No, but the airplane it would be talking to does. Hard enough when your transceiver is wide open, if you narrow your FOV to a thin cone in order to block jamming signals, the GEO now has to physically track the airplane somehow.
Either the whole satellite rotates or the transciever is on a mount that can rotate
Unless you plan on having 1 satellite per airplane, something tells me it's harder to constrain the FOV than you might suggest. There's also the small problem of the energy, complexity, & weight of having motorized parts on the satellite (or fine-grained attitude control for the satellite itself to track the craft).
Agreed, my point is it's a lot harder than tiagod made it sound.
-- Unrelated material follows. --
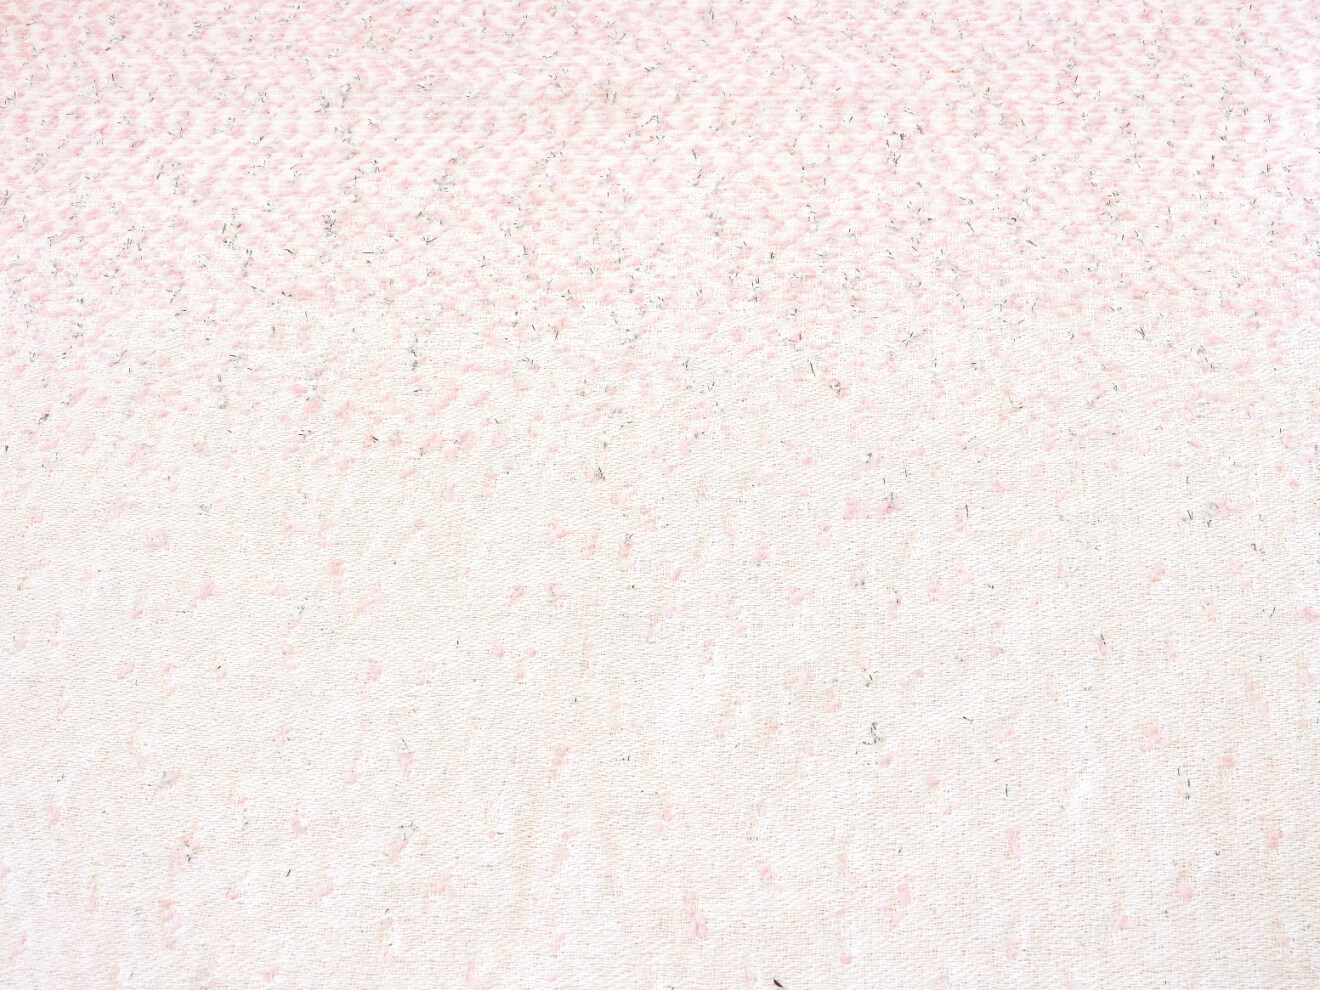 Твид Chanel, цвет Розовый, фото 1

It also doesn't account for some kind of mobile jammer making it inside the cone, particularly if it's staring at an adversarial nation where secure comms would be needed the most, but the adversary would have freedom of movement.
Black box data doesn't need that crazy throughput either though. Traditional RF is much easier to get right, and works even when the aircraft starts losing track of where it is and stops being able to track the satellite with its laser
Leo seems easier to me. Geostationary is really far away. Leo is much, much closer. It's easier to hit a buck thats running right past you than to hit a stationary target across the Atlantic.
Especially if you yourself are on a moving platform
Geostationary is easier to hit than a LEO constellation like Starlink. With an LEO target you need to switch at least every 2-4 minutes, Starlink ground stations can switch multiple times per minute but that's for obstacle avoidance in the air you'd only have to switch when the current target moves out of LOS entirely.